National Healthcare Directory Exchange
1.0.0-ballot - ballot US

This page is part of the National Healthcare Directory Exchange (v1.0.0-ballot: STU 1 Ballot 1) based on FHIR R4. . For a full list of available versions, see the Directory of published versions

Bulk Data

Healthcare Directory Bulk Data Specifics

The scope of the data selection

For the directory bulk data extraction, to request an entire copy of all content in the directory, the scope selection can be defined at the top level specifying that it would like to retrieve all content for the specified resource types from the base of the FHIR server.

GET [base]/$export?_type=Organization,Location,Practitioner,PractitionerRole,HealthcareService,VerificationResult, ...

A healthcare directory may curate such an extract on a nightly process, and simply return results without needing to scan the live system. In the result, the value returned in the transactionTime in the result should contain the timestamp at which the extract was generated (including timezone information) and should be used in a subsequent call to retrieve changes since this point in time.

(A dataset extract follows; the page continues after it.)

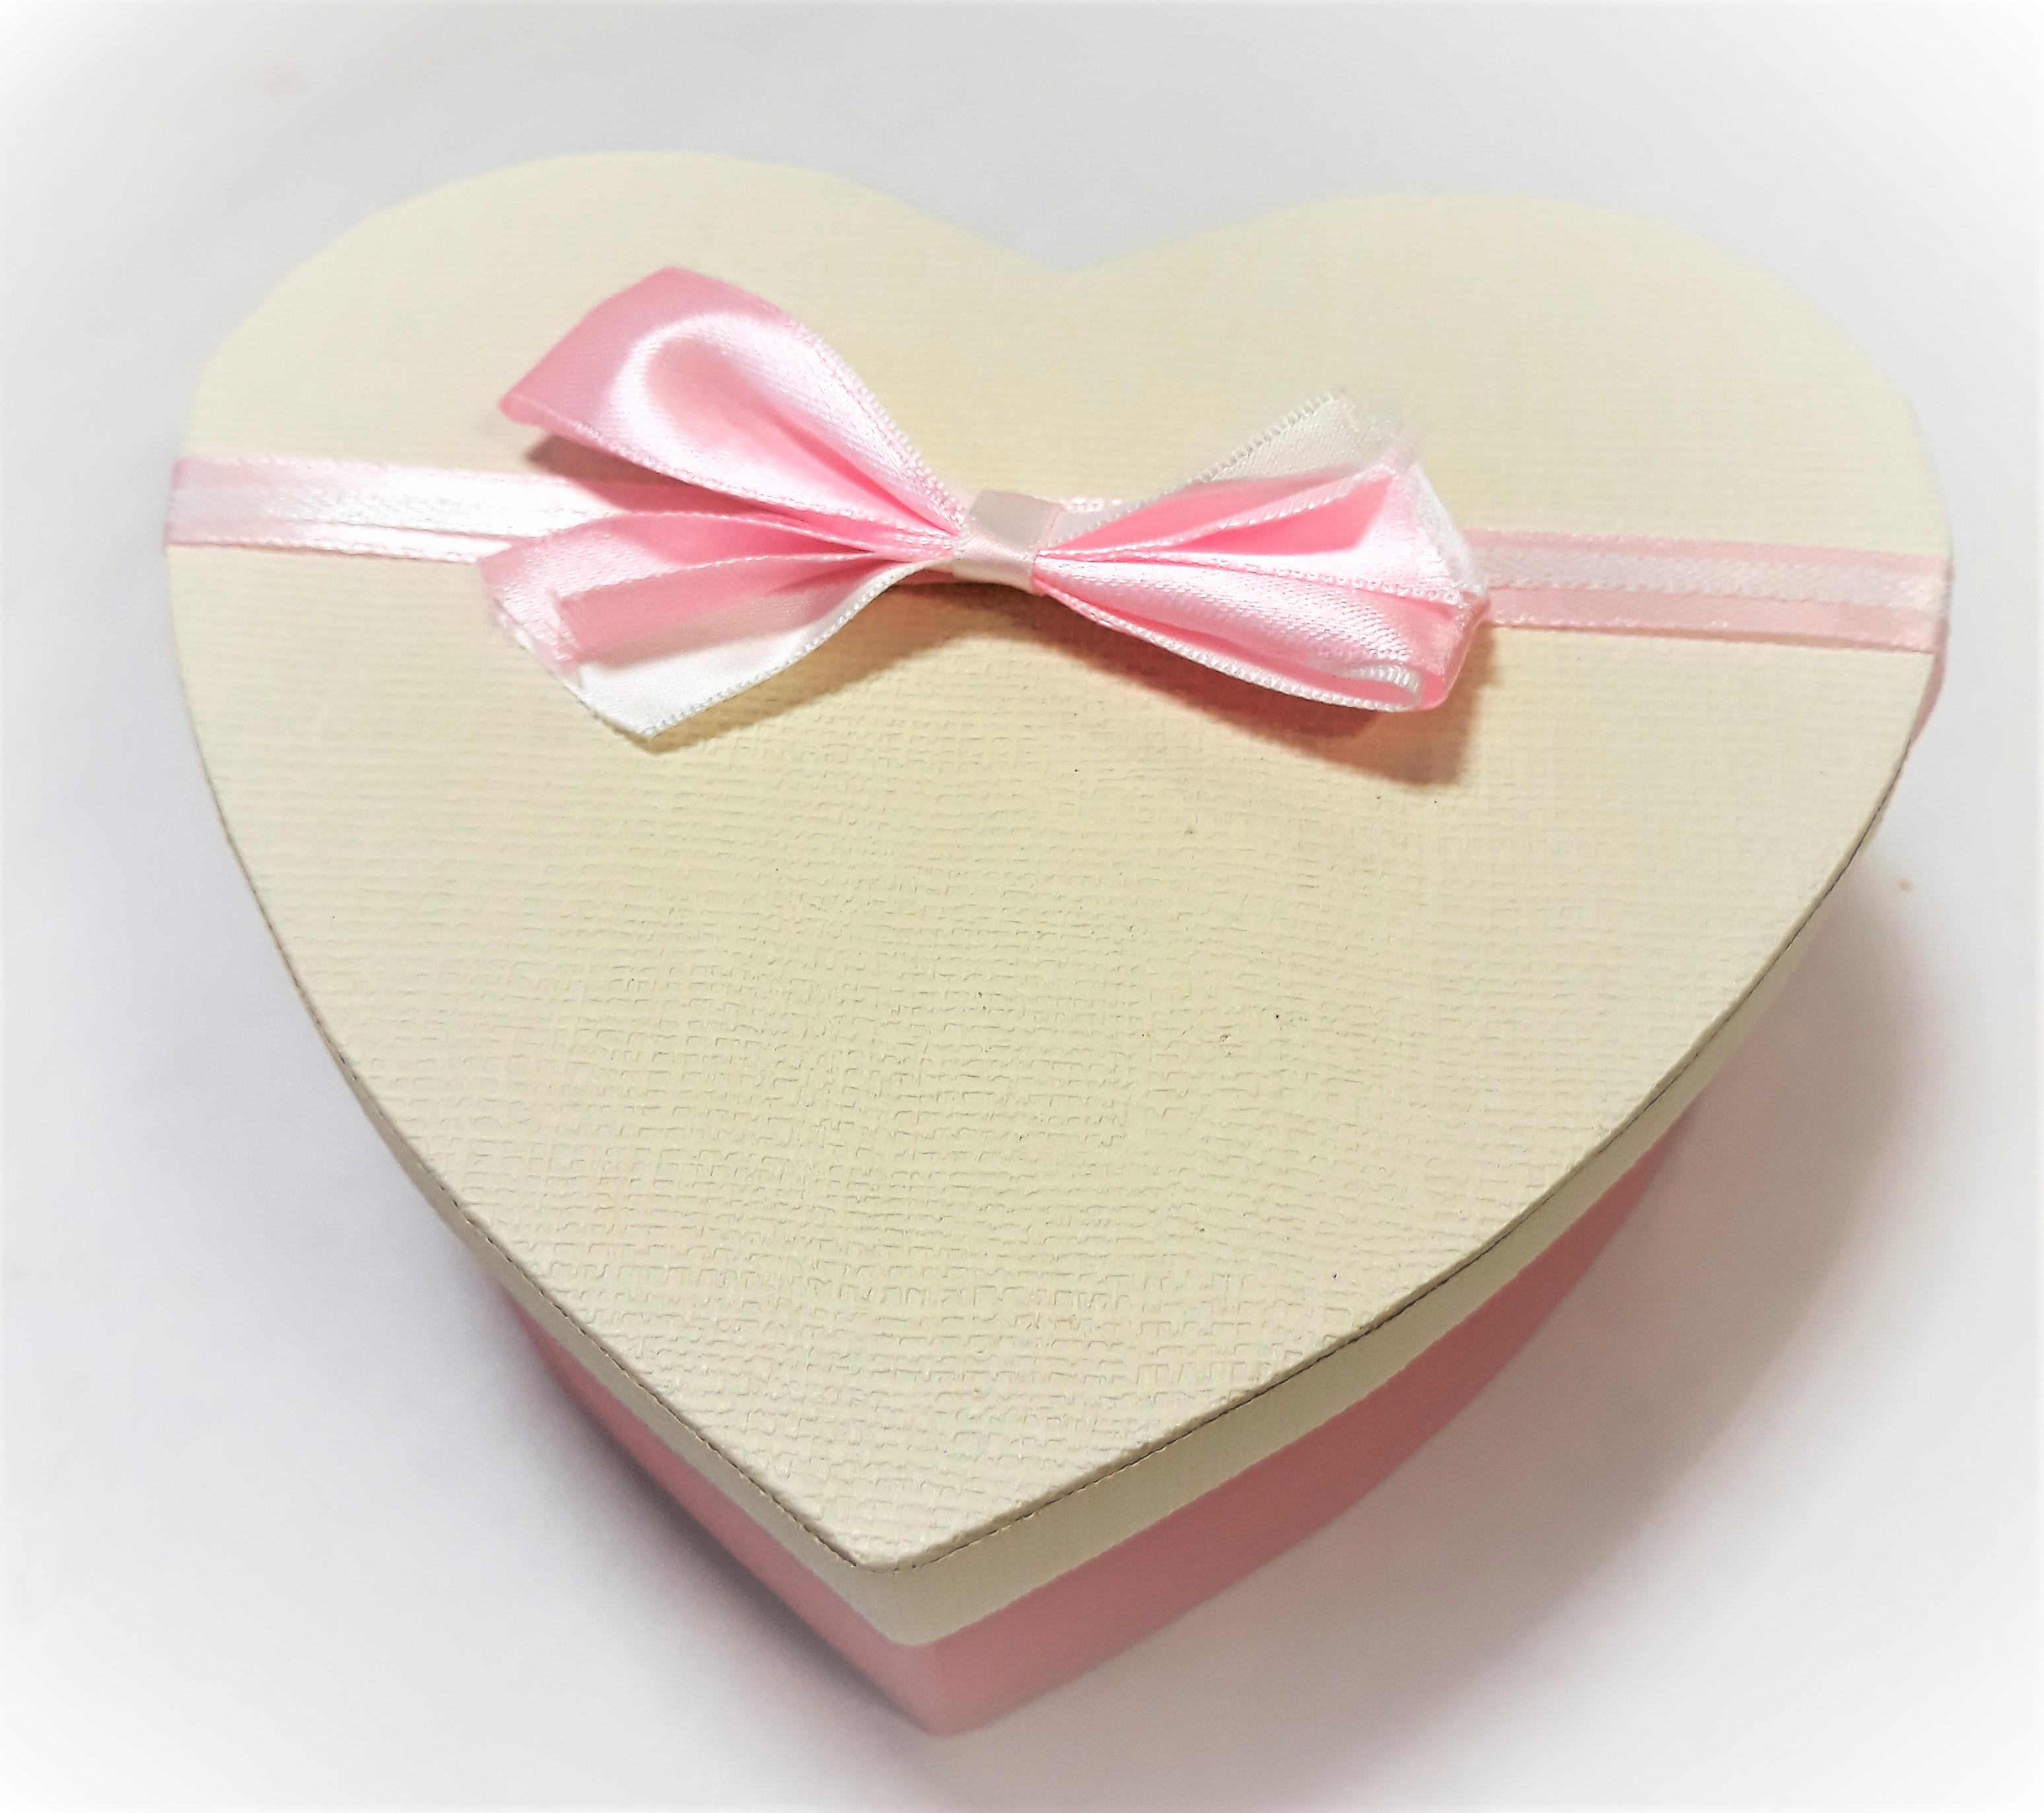 Srdcekrabicka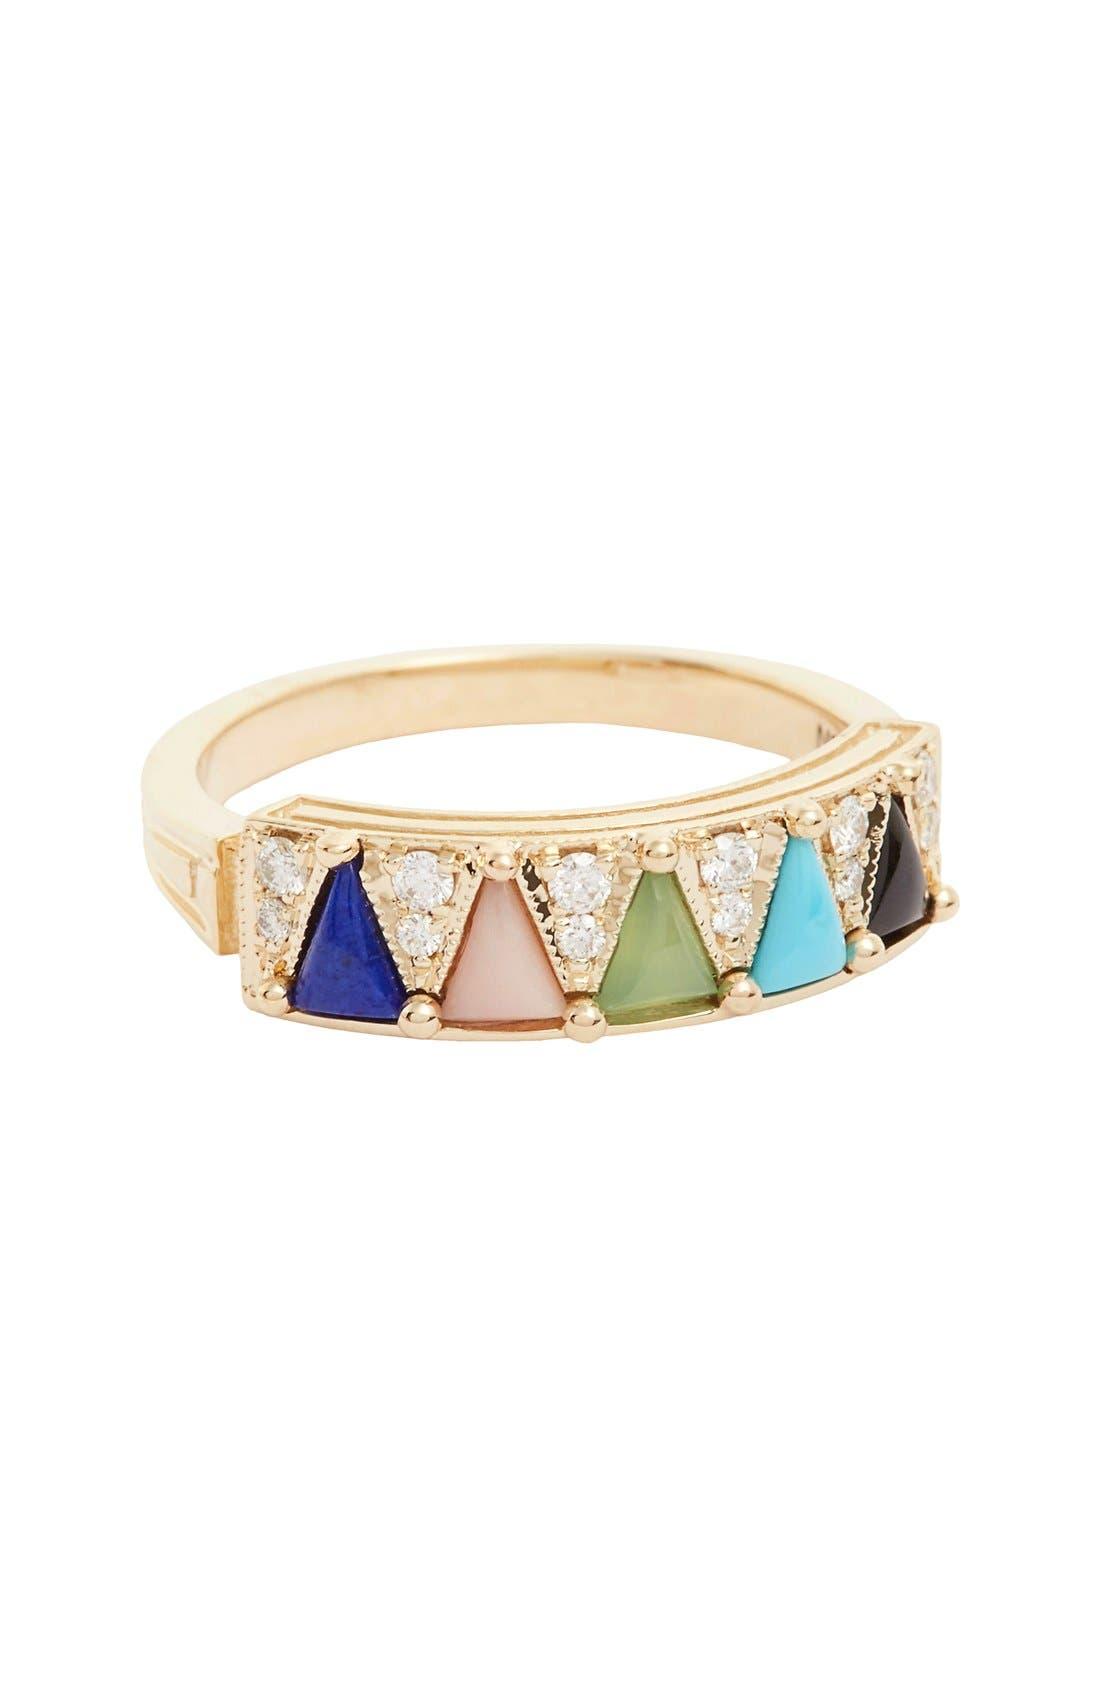 MOCIUN 'Mega' Five Triangle Ring

Once a system has a complete set of data, it is usually more efficient to ask for changes from a specific point in time. In which case the request should use the value above (transactionTime) to update the local directory.

GET [base]/$export?_type=Organization,Location,Practitioner, ... &_since=[transactionTime]

This behaves the same as the initial request, with the exception of the content.

It is expected that this request is more likely to return current information, rather than a pre-generated snapshot, as the transactionTime could be anything.

Note: The current bulk data handling specification does not handle deleted items. The recommendation is that periodically a complete download should be performed to check for “gaps” to reconcile the deletions (which could be due to security changes). However, content should not usually be “deleted” it should be marked as inactive, or end dated.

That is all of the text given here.